Soil erosion by water is a major issue for Australian agriculture and catchment management. It causes unsustainable losses of soil for agriculture that far exceed rates of soil development (Edwards and Zierholz 2000). Water-borne erosion impacts on river, estuary and marine resources and reduces the life of water storages.
The National Land and Water Resources Audit (NLWRA 2001) assessed soil erosion by water across Australia. Its findings are as follows.
- Hillslope erosion (sheetwash and rill erosion) remains high in Australia's tropical northern regions during the wet season, and especially in the semi-arid woodlands and arid interior. Maintaining vegetative cover, minimising soil disturbance and building sediment-trapping wetlands remain imperatives.
- In southern and eastern Australia sheet and rill erosion are still a problem in many cropping areas. Although reduced from the severe erosion rates before the advent of conservation farming, erosive storms occurring at critical times in the cropping cycle or on heavily grazed land still cause major erosion losses (Hairsine et al. 1993, Murphy & Flewin 1993). Continued vigilance in the adoption of conservation farming practices is required (see Edwards & Zierholz 2000). Although erosion is inactive in many relict gullies, it persists as a major soil erosion process affecting river condition, as many gullies associated with salinity outbreaks are still very active. Erosion affected rivers have extensive coarse sand accumulations in their stream beds, which exacerbate flooding and smother the habitat of native organisms.
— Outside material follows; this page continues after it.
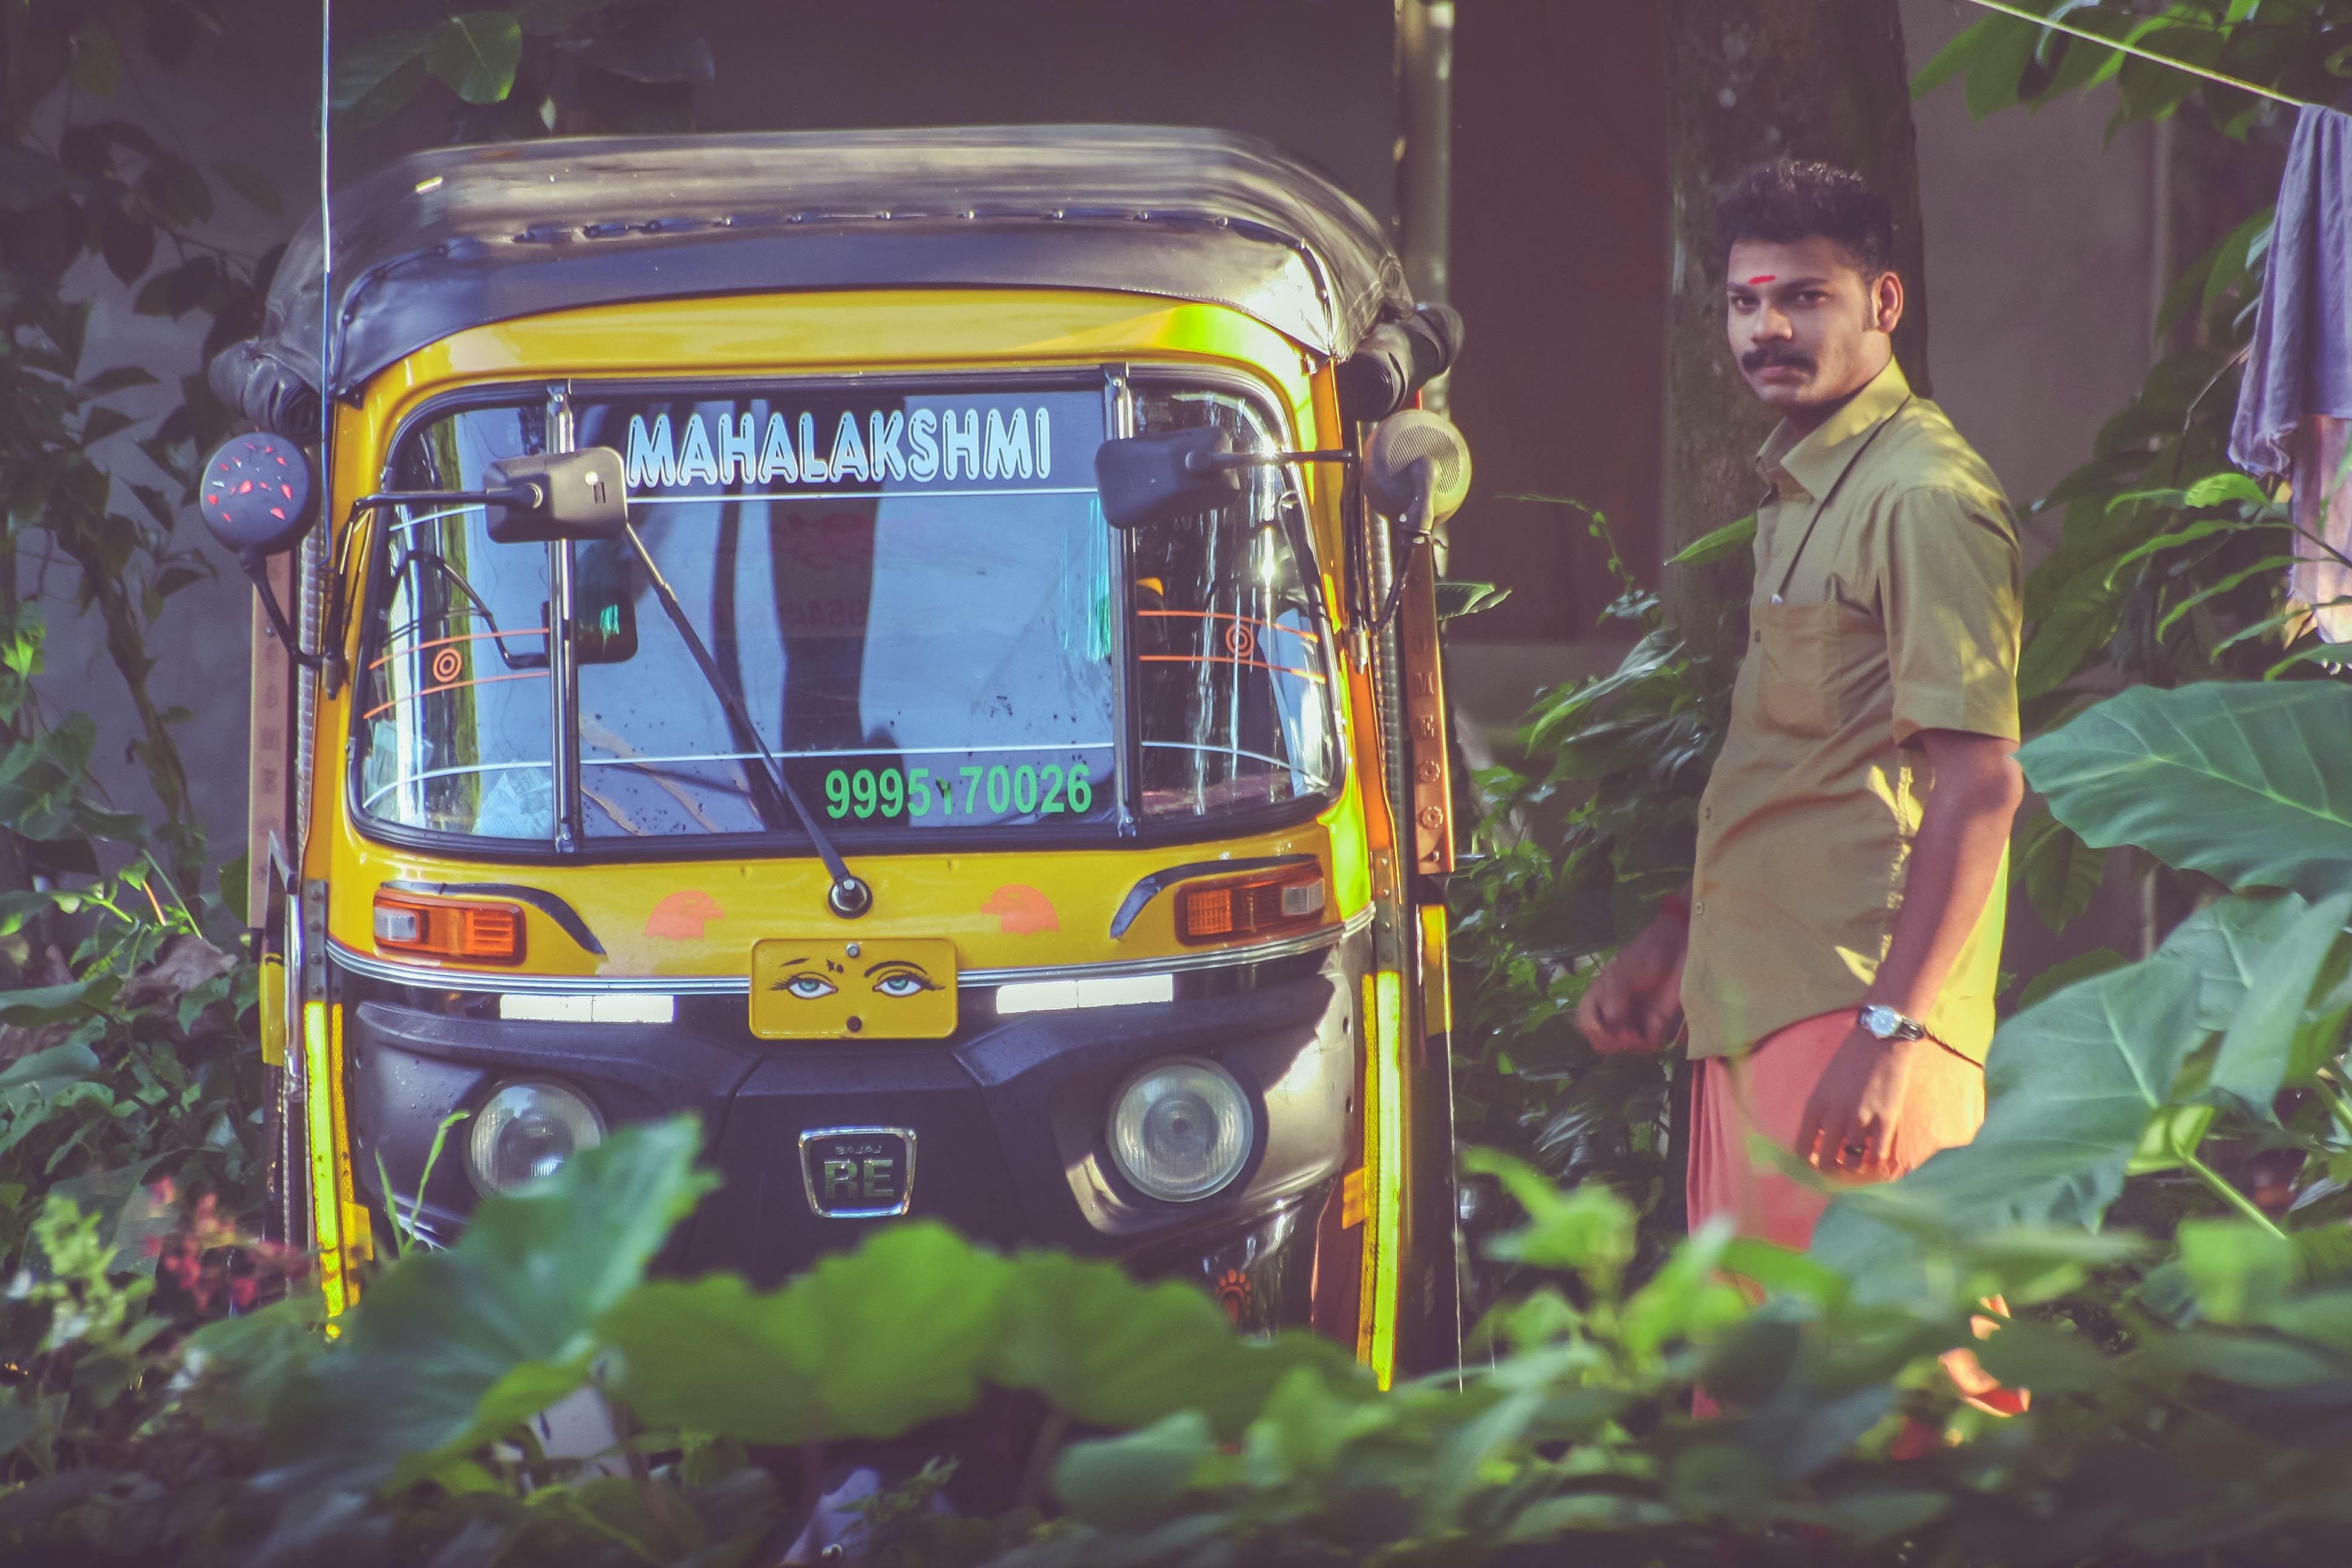 man standing beside of auto-rickshaw

- Active gully erosion is still occurring in some parts of Australia. Changes to agricultural practices that minimise gully erosion are an imperative, both from an on-farm and off-farm perspective.
The direct or 'on-site' consequences of accelerated erosion impact on the sustainability and productivity of Australian agriculture. The major consequences are:
- loss of nutrients required for plants to grow;
- loss of organic matter, which plays a vital role in sustaining the desirable physical and chemical characteristics of the soil;
- decrease in soil depth, which reduces water storage capacity;
- burial of topsoil in low lying areas;
- reduced trafficability caused by gullies;
- spread of weed seed;
- bringing subsoil problems, such as sodicity, closer to the surface;
- damage to infra-structure such as fences, roads and buildings (Scott 2001); and
- siltation and pollution of farm dams.
Soil erosion also has the potential for downstream impacts on creeks, rivers, reservoirs, lakes, and estuarine and marine environments. Water-borne erosion increases the supply of sediment to rivers. High concentrations of suspended sediments in rivers can:
- reduce stream clarity;
- inhibit respiration and feeding of stream biota;
- diminish light needed for plant photosynthesis;
- eutrophy rivers and wetlands;
- make water unsuitable for irrigation;
- require treatment of water for human use;
- smother the stream bed; and
- increase land flooding (NLWRA 2001).
The effects of soil erosion by water on-farm are irreversible on shallow or texture contrast soils. Uniform textured soils, where the soil depth is much greater, may suffer little although the off-farm impacts continue for many generations. The implementation of effective catchment management and industry priorities are essential, particularly in terms of improved practice. Management approaches will differ across Australia's catchments as the processes that supply sediment to rivers also differ.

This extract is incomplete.